The most influential predictors in the model were primarily manufacturing process variables, particularly ManufacturingProcess32, 13, 17, 36, and 09. While several biological material variables contributed moderately, the process predictors clearly dominated the top-importance rankings. This suggests that process control parameters have the greatest impact on product yield, whereas biological characteristics play a secondary role in determining baseline performance.

6.3f Explore the relationships between each of the top predictors and the response. How could this information be helpful in improving yield in future runs of the manufacturing process?

library(ggplot2)

# Add yield back to the preprocessed data
data_plot <- data.frame(Yield = train_y, train_pp)

# Top predictors from varImp
top_predictors <- c("ManufacturingProcess32", "ManufacturingProcess13",
                    "ManufacturingProcess17", "ManufacturingProcess36",
                    "ManufacturingProcess09")

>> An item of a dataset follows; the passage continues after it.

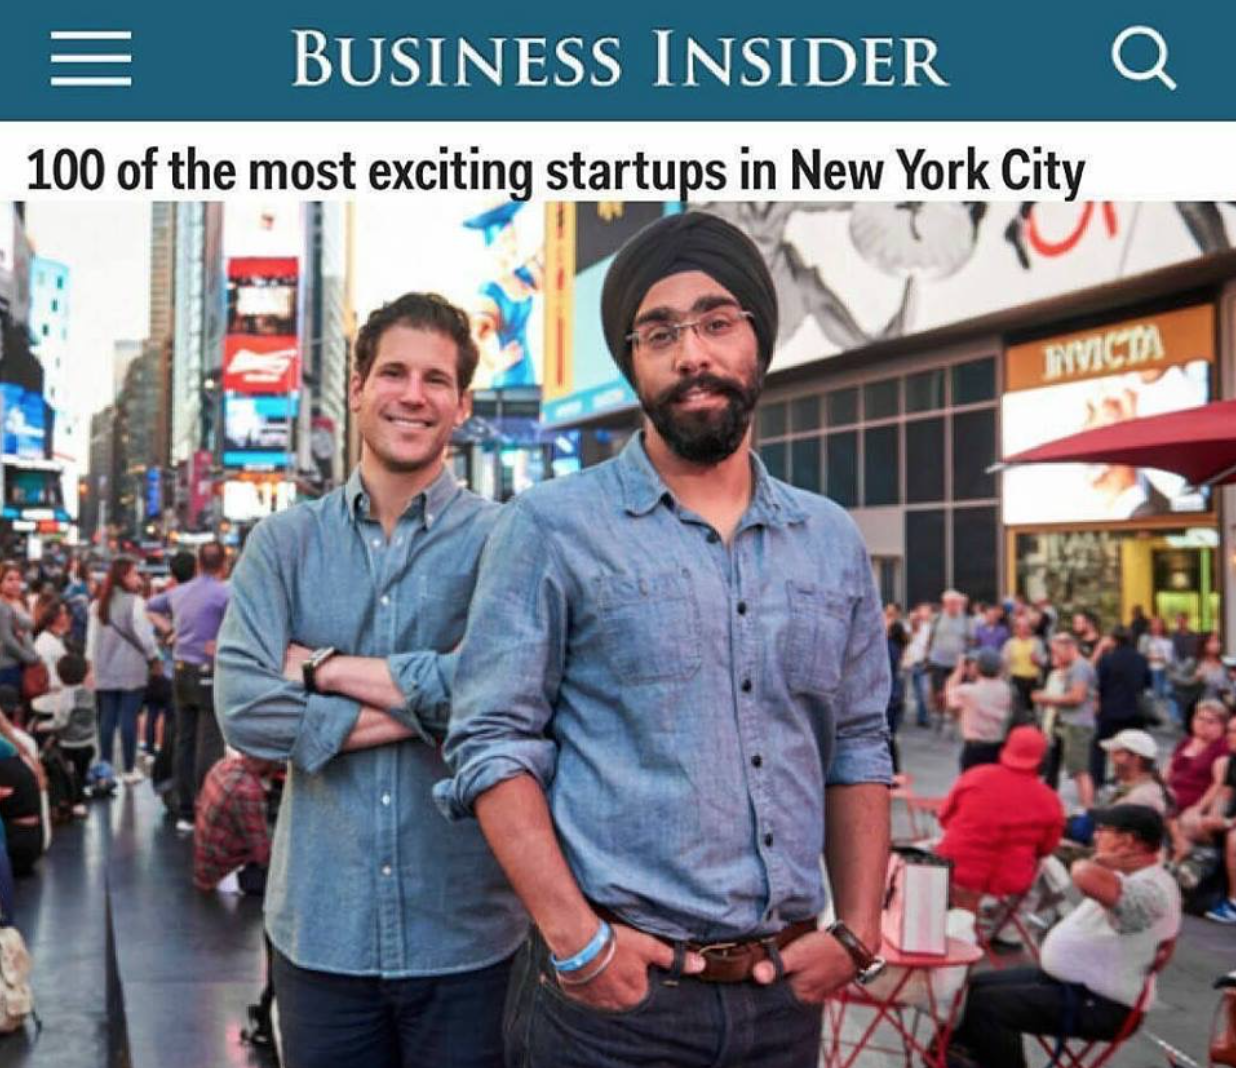 Business Insider (12/2016)
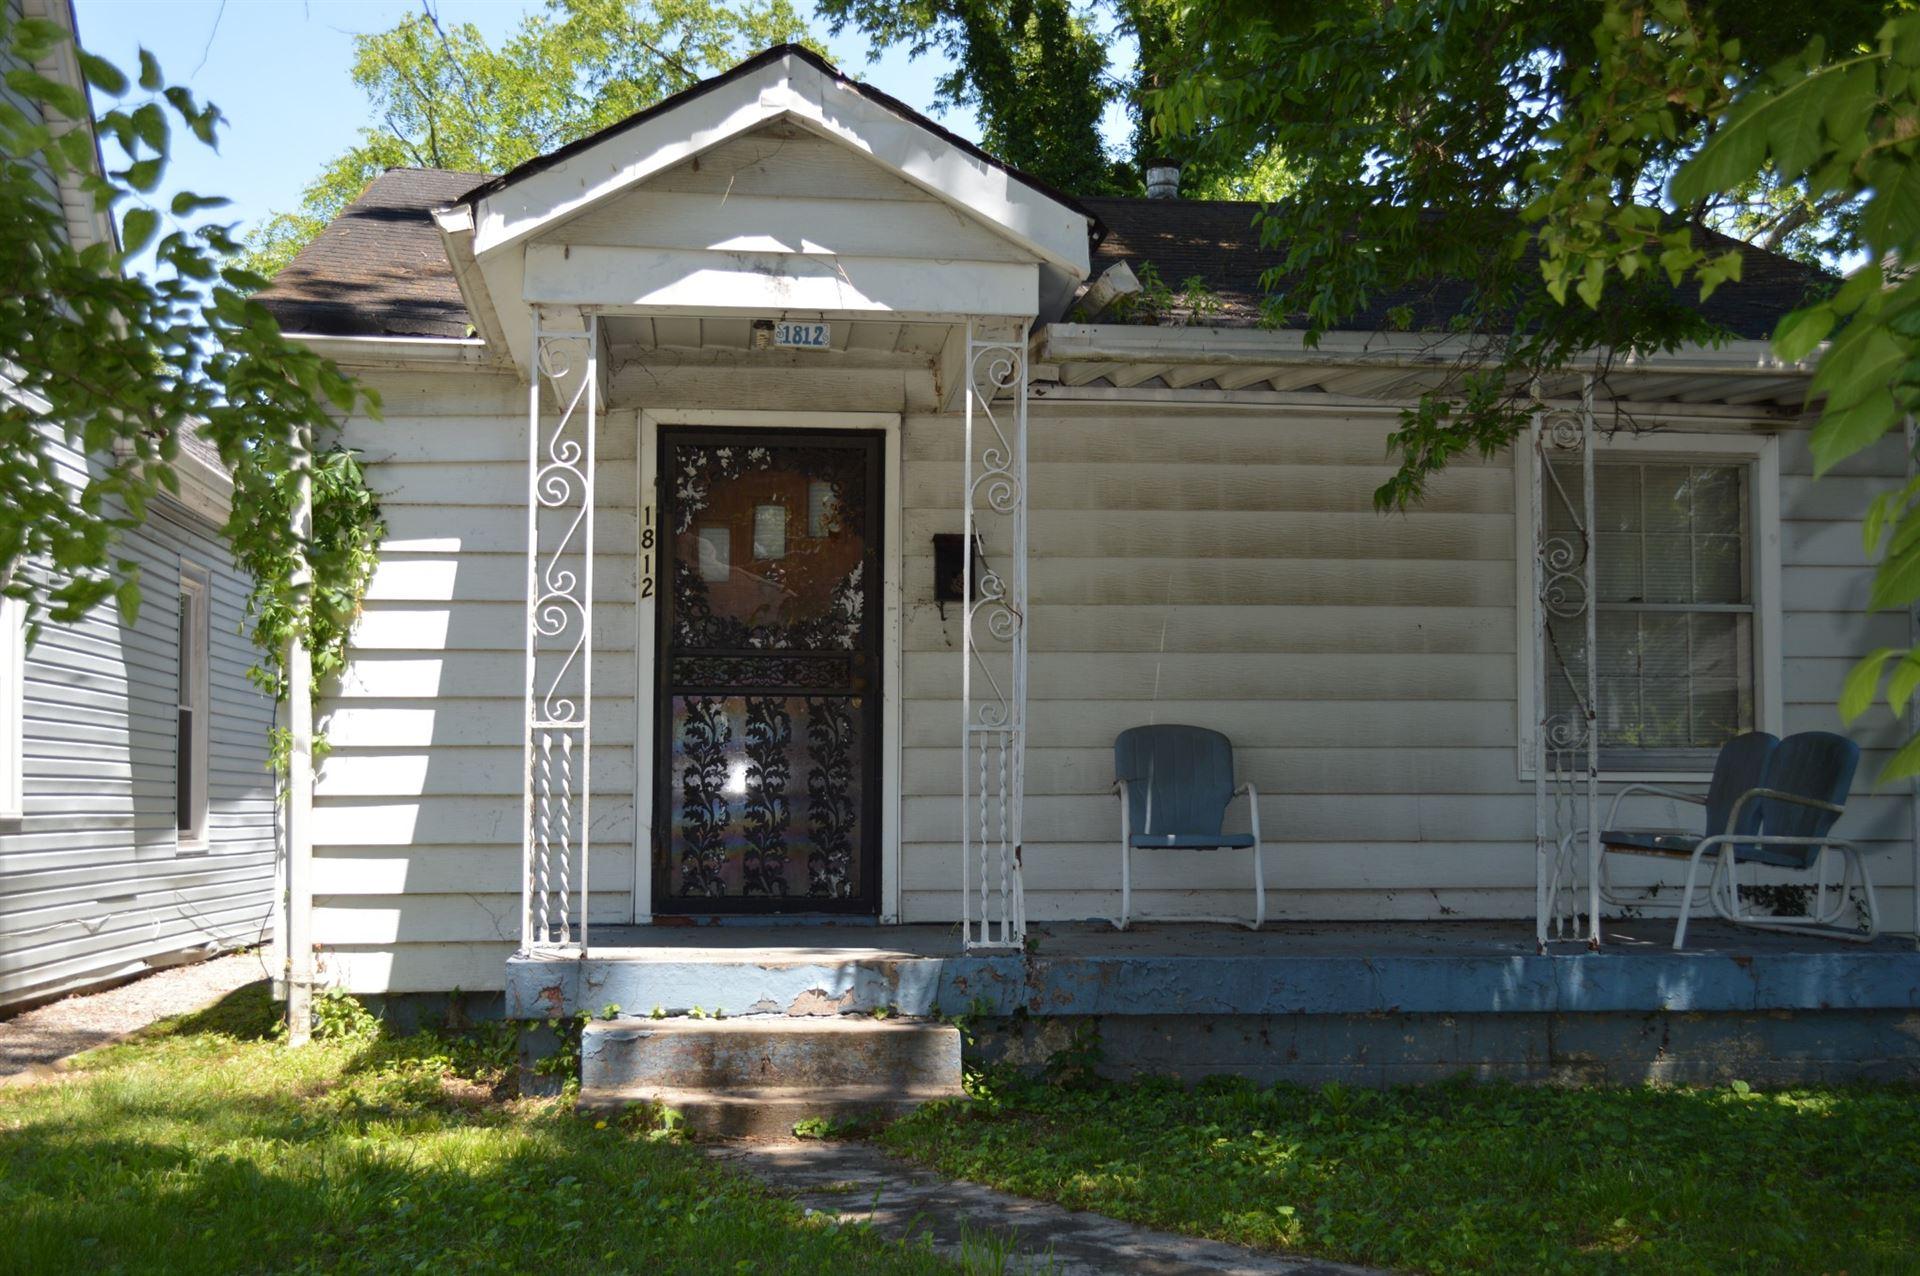 1812 10th Ave N, Nashville, TN 37208 - MLS#: 2258352

# Plot yield vs each top predictor
for (var in top_predictors) {
  print(
    ggplot(data_plot, aes_string(x = var, y = "Yield")) +
      geom_point(alpha = 0.6, color = "steelblue") +
      geom_smooth(method = "lm", color = "darkred", se = FALSE) +
      labs(title = paste("Yield vs", var),
           x = var,
           y = "Product Yield") +
      theme_minimal()
  )
}

## Warning: `aes_string()` was deprecated in ggplot2 3.0.0.
## ℹ Please use tidy evaluation idioms with `aes()`.
## ℹ See also `vignette("ggplot2-in-packages")` for more information.
## This warning is displayed once every 8 hours.
## Call `lifecycle::last_lifecycle_warnings()` to see where this warning was
## generated.

## `geom_smooth()` using formula = 'y ~ x'

## `geom_smooth()` using formula = 'y ~ x'

## `geom_smooth()` using formula = 'y ~ x'

## `geom_smooth()` using formula = 'y ~ x'

## `geom_smooth()` using formula = 'y ~ x'

Several of the top manufacturing process variables show clear linear relationships with product yield:

• ManufacturingProcess32 and ManufacturingProcess09 have positive correlations with yield — as their values increase, the product yield tends to rise. This suggests that optimizing or increasing the conditions associated with these processes could help boost output.
• ManufacturingProcess13, ManufacturingProcess17, and ManufacturingProcess36 show negative correlations, meaning higher values of these process variables are associated with lower yields. These might represent conditions (like temperature, pressure, or time) that need tighter control or possible reduction to prevent yield loss.

Understanding these relationships helps engineers and scientists focus process optimization efforts:

• Increasing the parameters tied to Process32 and Process09 could enhance yield efficiency.
• Investigating and fine-tuning the steps linked to Process13, Process17, and Process36 could reduce variability and waste.

In future manufacturing runs, these insights could guide targeted adjustments and experimental trials to identify optimal process settings and result in improving yield consistency and overall productivity without needing to test every variable blindly.